# Exercise inputs

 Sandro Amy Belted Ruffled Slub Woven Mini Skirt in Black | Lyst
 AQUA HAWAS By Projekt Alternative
...
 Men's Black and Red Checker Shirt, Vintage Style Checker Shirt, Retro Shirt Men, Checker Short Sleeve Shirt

# What you should do
Each line of the material that has the word "Black" belongs in the answer.

# Task output
 Sandro Amy Belted Ruffled Slub Woven Mini Skirt in Black | Lyst
 Men's Black and Red Checker Shirt, Vintage Style Checker Shirt, Retro Shirt Men, Checker Short Sleeve Shirt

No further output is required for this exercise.